Oil Imports Add To Further Woes
India is the third-largest oil importer in the world. With Brent crude prices, the main international benchmark, rising to $120/barrel, every country felt the pressure. Oil prices were up nearly 10% on Monday and touched $85/barrel, and tensions in the Strait of Hormuz seem to be a never-ending nightmare now.
The United States has launched a series of missiles at Iran, and in retaliation, Iranian forces struck back against the United Arab Emirates, Qatar, Kuwait, Oman, and Bahrain in response to the US strikes.
"While the global oil market balance looks set to swing back to surplus towards the end of the year, the forecast hinges on the assumption that tanker flows through the Strait will gradually recover, allowing producers to restart fields and refiners in the Middle East and elsewhere to resume product shipments," according to the International Energy Agency's report, which was published on .
"Renewed exchanges of fire in the Gulf this week highlight the risks of not reaching a lasting peace agreement, which is a must for the normalisation in oil markets."
Rupee, Nifty 50 and Sensex: Not That 'Strait' Forward
The rupee has depreciated about 11-12 percent since early 2025 and rising oil prises could push rupee down to even 100 against the US dollar, according to foreign exchange strategists.
"Oil prices climbed after renewed geopolitical tensions in the Middle East and concerns over disruptions to supplies through the Strait of Hormuz.
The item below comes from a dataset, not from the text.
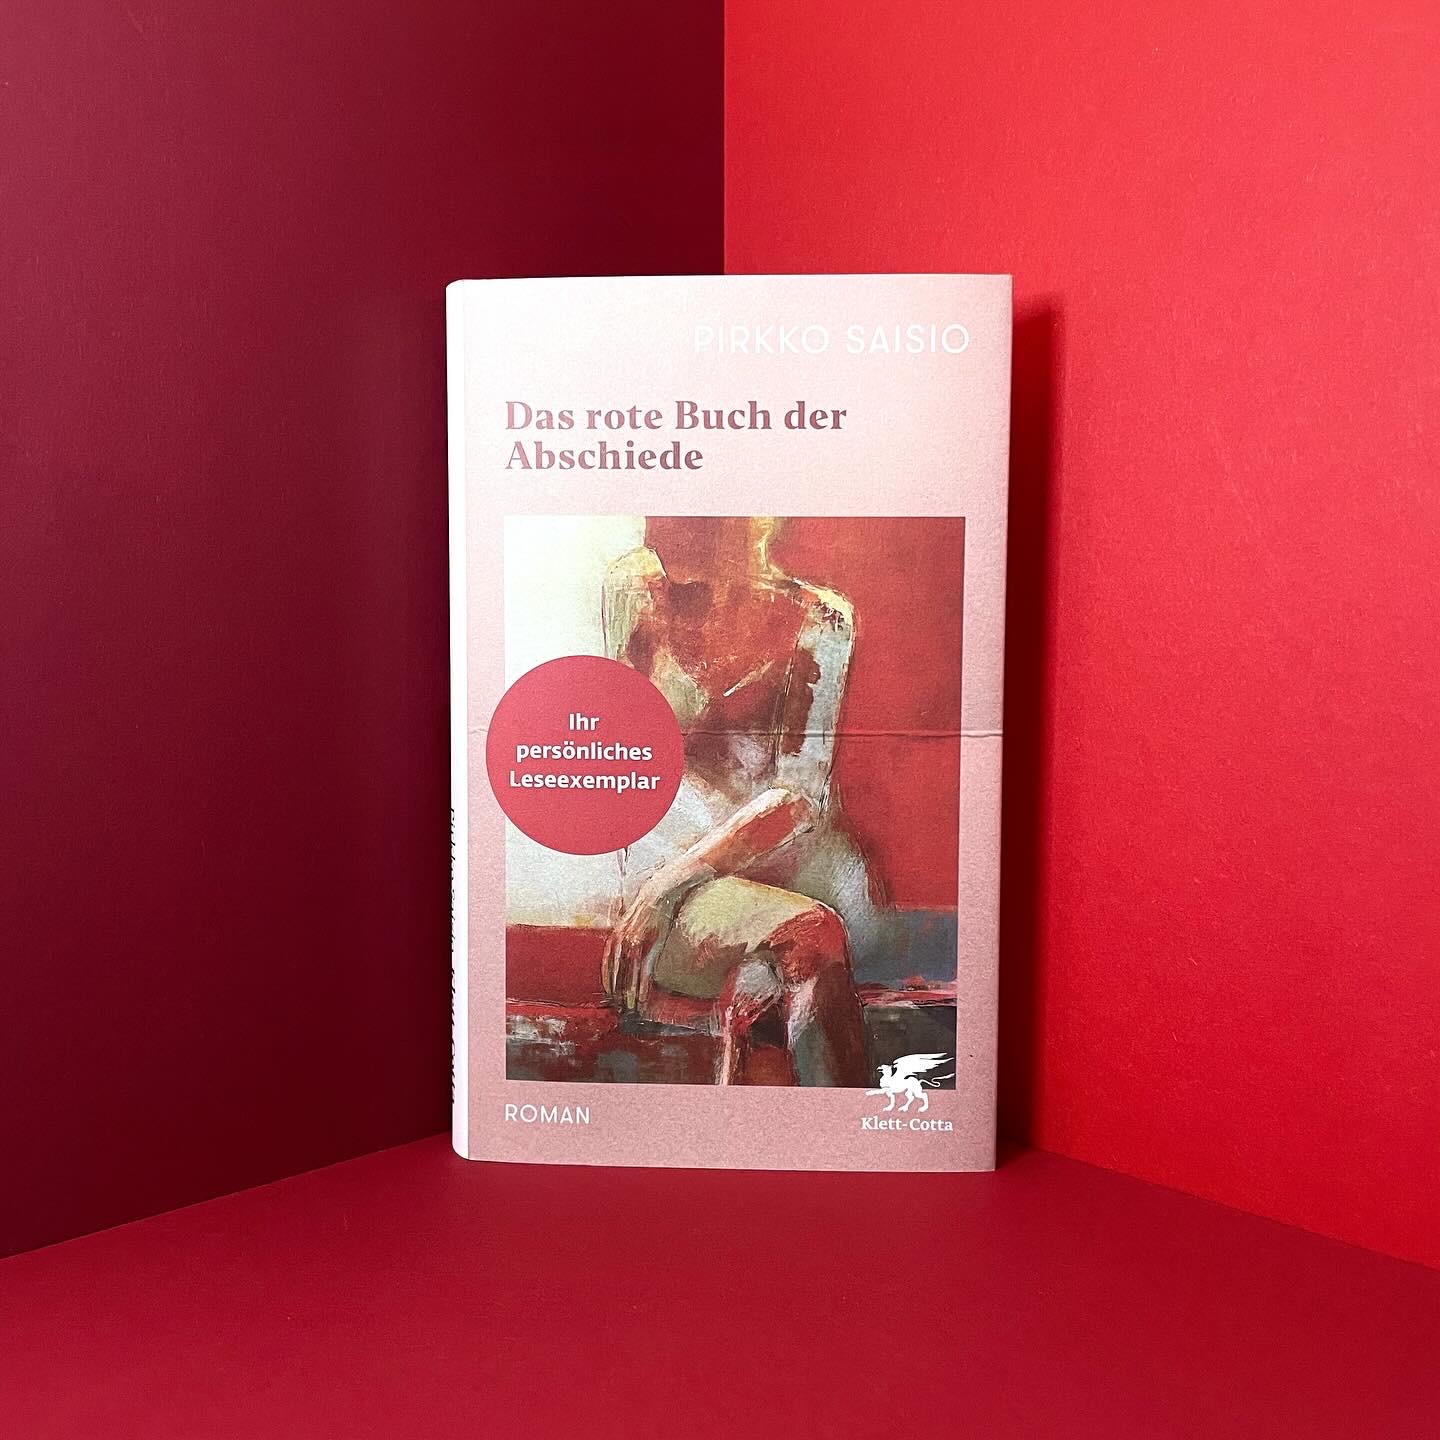 Das rote Buch der Abschiede von Pirkko Saisio

India being a major oil importer, higher crude prices remain negative for the rupee," said Anil Kumar Bhansali, Head of Treasury and Executive Director, Finrex Treasury Advisors LLP,
"Demand for the US dollar increased as investors moved toward safe-haven assets amid heightened geopolitical uncertainty putting pressure on most Asian currencies, including the rupee."
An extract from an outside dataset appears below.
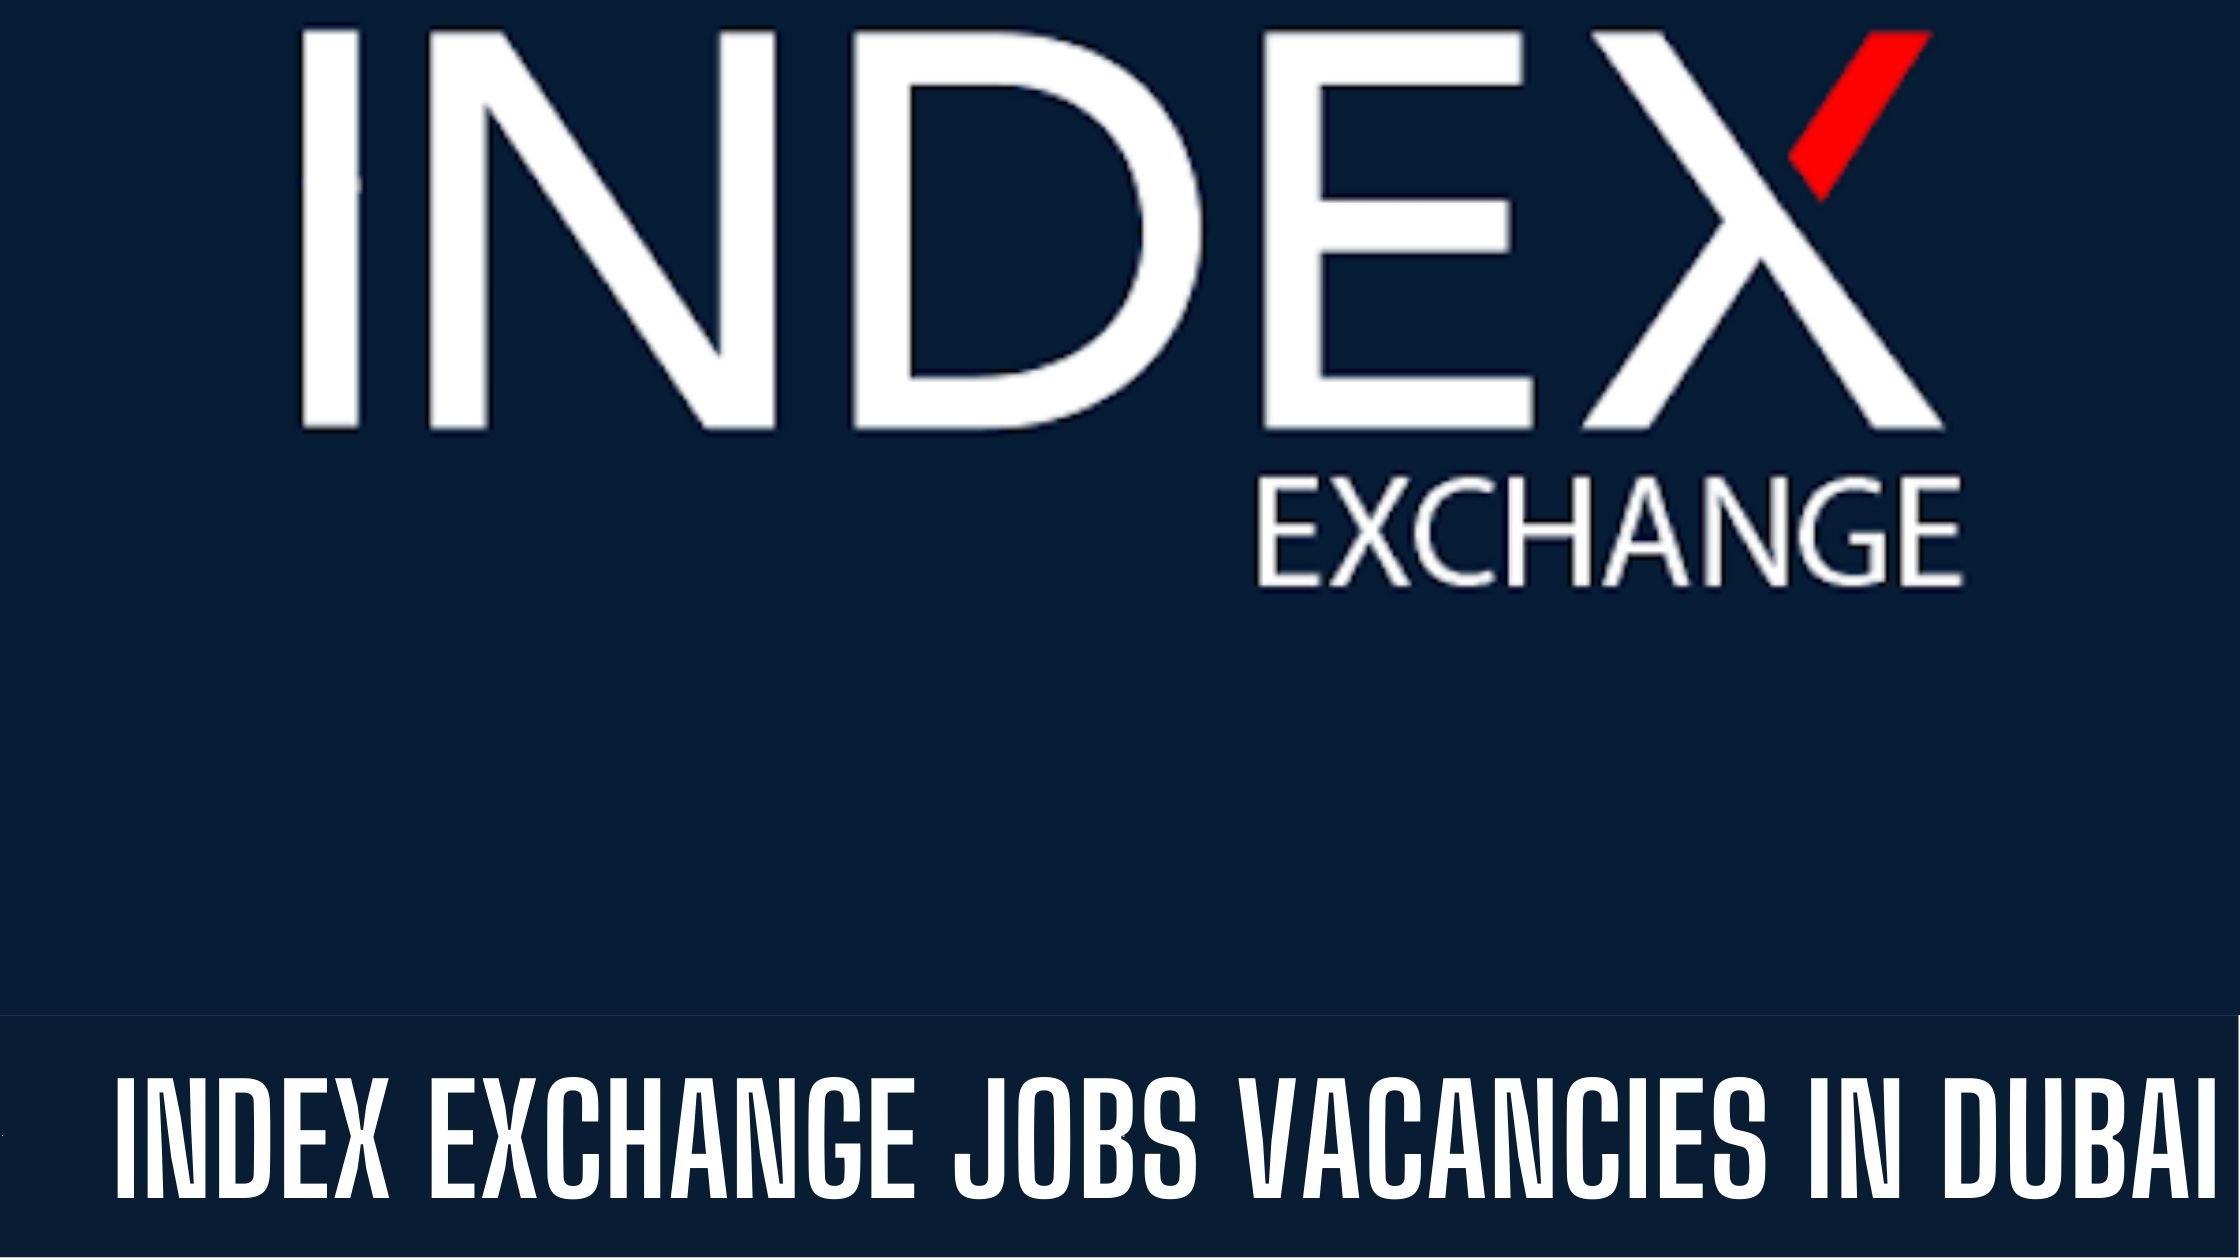 INDEX EXCHANGE JOB

The trend continues for the Indian stock market too. Nifty and Sensex have both dropped more than 7% this year so far and if the uncertainties continue, chances are FII outflow will increase.
All in all, the Strait of Hormuz may be just 20 miles wide at its narrowest point, but for India, its impact stretches far beyond oil. From the rupee and inflation to trade and stock markets, what happens in this tiny waterway could shape the country's economic outlook for months to come.